To an oven-dried Schlenk tube with a stir bar were sequentially added Cu(MeCN)₄PF₆ (0.01 mmol, 3.8 mg), L9 (0.012 mmol, 8.8 mg) and NaBAr^F₄ (0.012 mmol, 10.6 mg, white crystal) under argon atmosphere. After injecting toluene (1 mL) into the Schlenk tube, the mixture was stirred at 25 °C for 2 h. Then the mixture reaction was cooled to −20 °C, and N-propargyl ynamide 1 (0.1 mmol) in toluene (1 mL) was added into the reaction mixture dropwise. The progress of the reaction was monitored by TLC. Upon completion, the reaction mixture was directly purified by column chromatography on silica gel (eluent: PE/EtOAc) to afford the desired chiral cycloheptatriene 2.

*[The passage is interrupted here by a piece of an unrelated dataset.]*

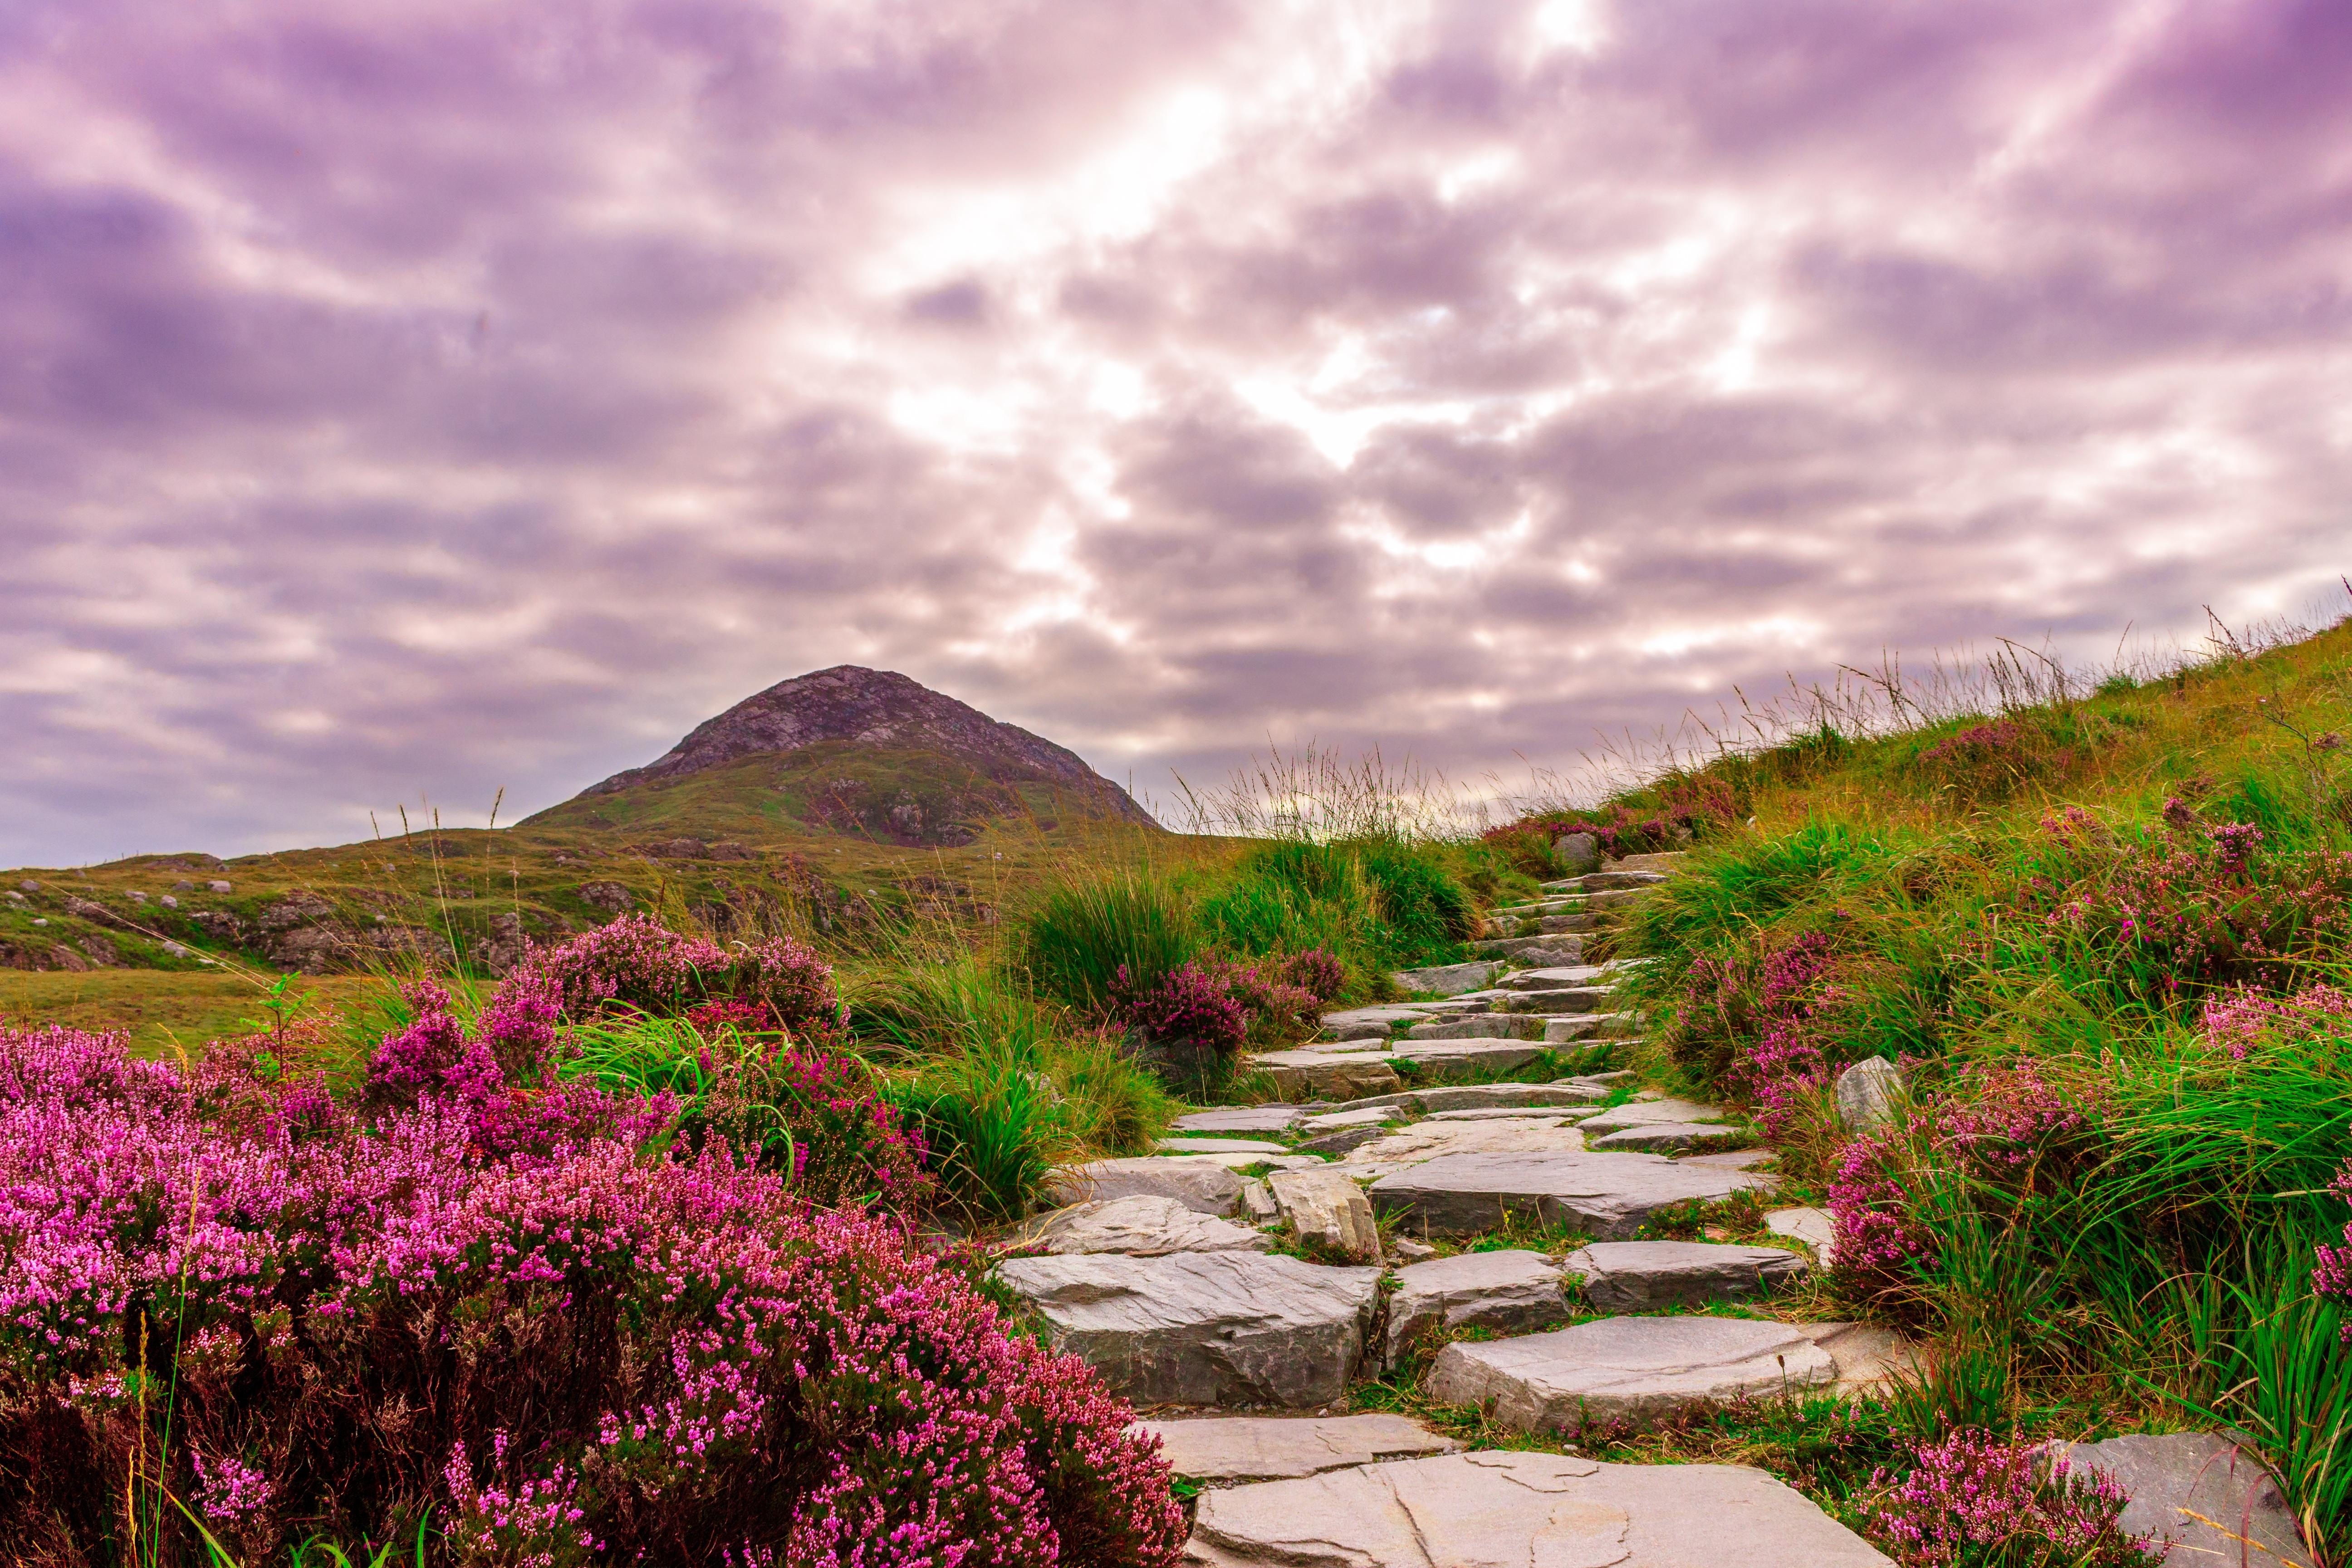 Free Images : landscape, coast, tree, nature, grass, wilderness ... for Flower Park Background  143gtk

General procedure for the synthesis of chiral tetracyclopropanes 4

To an oven-dried Schlenk tube with a stir bar were sequentially added Cu(MeCN)₄PF₆ (0.015 mmol, 5.7 mg), L12 (0.018 mmol, 15.0 mg) and NaBAr^F₄ (0.0018 mmol, 16.2 mg, white crystal) under argon atmosphere. After injecting 2-MeTHF (1.5 mL) into the Schlenk tube, the mixture was stirred at 25 °C for 2 h. Then the mixture reaction was cooled to 0 °C, and N-propargyl ynamide 3 (0.15 mmol) in 2-MeTHF (1.5 mL) was added into the reaction mixture dropwise. The progress of the reaction was monitored by TLC. Upon completion, the reaction mixture was concentrated under reduced pressure and purified by column chromatography on silica gel (eluent: PE/EtOAc) to afford the desired chiral benzonorcaradiene 4.

Author contributions

Y.X.Z., T.Q.H., X.Li. and B.Z. performed experiments. X.H. and X.Lu. designed the DFT calculations. L.G.L. performed the DFT calculations. L.W.Y. and Z.X. conceived and directed the project and wrote the paper. All authors discussed the results and commented on the manuscript.

Peer review

Peer review information

Nature Communications thanks Ruihan Wang, Yiming Wang, and the other, anonymous, reviewers for their contribution to the peer review of this work. A peer review file is available.

Data availability

Data for the crystal structures reported in this paper have been deposited at the Cambridge Crystallographic Data Centre (CCDC) under the deposition numbers 2301623 (2b), 2301624 (for 4 l) and 2301659 (for 5 g). Copies of these data can be obtained free of charge via www.ccdc.cam.ac.uk/data_request/cif. All other data supporting the findings of this study, including experimental procedures and compound characterization, are available within the paper and its Supplementary Information files or from the corresponding authors on request. The coordinates of the optimized structures in this study are provided in the Source Data file. Source data are provided with this paper.

Competing interests

The authors declare no competing interests.

Supplementary information

The online version contains supplementary material available at 10.1038/s41467-024-53605-7.